No widzę właśnie. Dzięki za dobrą uwagę. Tylko zastanawiam się, dlaczego tak się dzieje? Jak ja to robię? na początek zawsze próbuję zachować three point seat, a wtedy staram się rozluźnić całe ciało...
no ja tak czasami siadam jak mnie boli dół kręgosłupa podczas jazdy albo siadam na krótkie chwile w siadzie tzw. fotelowym ..bardzo mi to pomaga.
I mam nadzieję, że to nie szkodzi bardzo koniowi. Klacz w każdym razie reaguje spokojnie ze zrozumieniem.
Oczywiście na arabku staram sie zachować postawę tak prawidłową jak tylko umiem..ale może czegoś nie widzę ze swojej pozycji. Szkoda, ze nie mam podobnych zdjęć..może ktoś by coś wyłapał przydatnego. Big Grin
Nic tak człowieka nie uczy jak konstruktywna , życzliwa krytyka! Big Grin
Hmmm.... A mnie właśnie mój lekarz który najskuteczniej ze wszystkich ratował mnie gdy wypadał mi dysk uczył że to jest właśnie naturalna pozycja człowieka. I że tak powinno być. I faktycznie odkąd tego pilnuję problemy z kręgosłupem zdarzają mi się coraz rzadziej. Odkąd pierwszy raz wsiadłem na konia (jakiś rok temu) nie miałem żadnych problemów. Dopiero w ostatni weekend coś się pogorszyło. Ale to akurat wynik prac porządkowych w niskiej pozycji. Kilka ćwiczeń zaleconych przez lekarza i po dzisiejszej jeździe czuję się tylko lepiej.
chciałabym zaznaczyć , że na mój dolny odcinek kręgosłupa jazda konna wpływa rewelacyjnie. Tyle, że tam nie mam żadnej przepukliny, a tylko zmiany związane z krzywizną i zwyrodnieniem. Szczególnie po kłusie anglezowanym przestaje mnie boleć. I mogę spać bez żadnych leków w nocy. Myślę, że wzmacniają się mięśnie lędźwiowe wtedy i dlatego jest lepiej.
Oczywiście tu także ważna jest równowaga i podążanie za ruchem konia oraz odpowiednia amortyzacja.

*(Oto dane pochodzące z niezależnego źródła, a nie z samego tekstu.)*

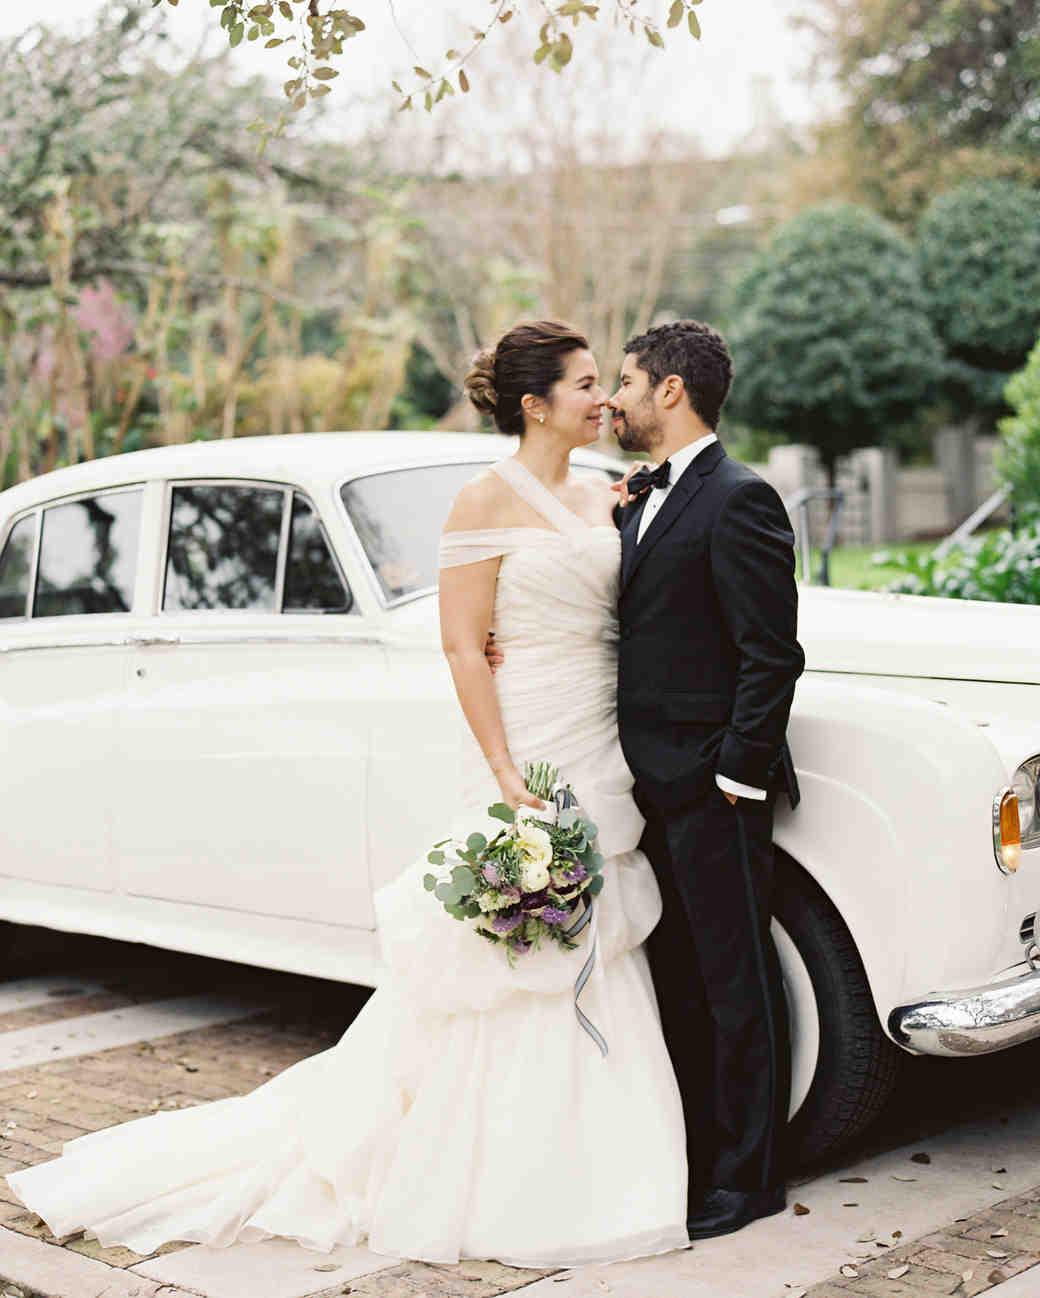 stacey-adam-wedding-couple-0039-s112112-0815.jpg

Niestety szyjny odcinek / w tym walnięty dysk!/jest jakiś oporny na moje próby zgrania się z koniem...... Sad
maku napisał(a):Hmmm.... A mnie właśnie mój lekarz który najskuteczniej ze wszystkich ratował mnie gdy wypadał mi dysk uczył że to jest właśnie naturalna pozycja człowieka. I że tak powinno być.


Może i jest to naturalna pozycja człowieka , ale nie w czasie jazdy.
To zostawianie siedzenia na tylnym łęku jest zwykłym usztywnieniem.
Należy siedziec na "podwiniętym ogonku" , a nie zapierać się pośladkami w siodle .
Wynik takiego siedzenia widać po koniu- wystarczy przejrzeć pokazane zdjęcia .
Tam , gdzie amazonka siedzi sztywno , tam koń reaguje usztywnieniem.

I jeszcze jedno.
Jak mawiał mądry człowiek : błędy rąk przeważnie wynikają z błędów dosiadu "

I tyle mojego mądrzenia się , bo przekroczyłam limit Tongue
Ja bym siodło wzięła do tyłu bradziej. Sprawdzałaś, czy jest dobrze dopasowane?? Może problem po części w siodle.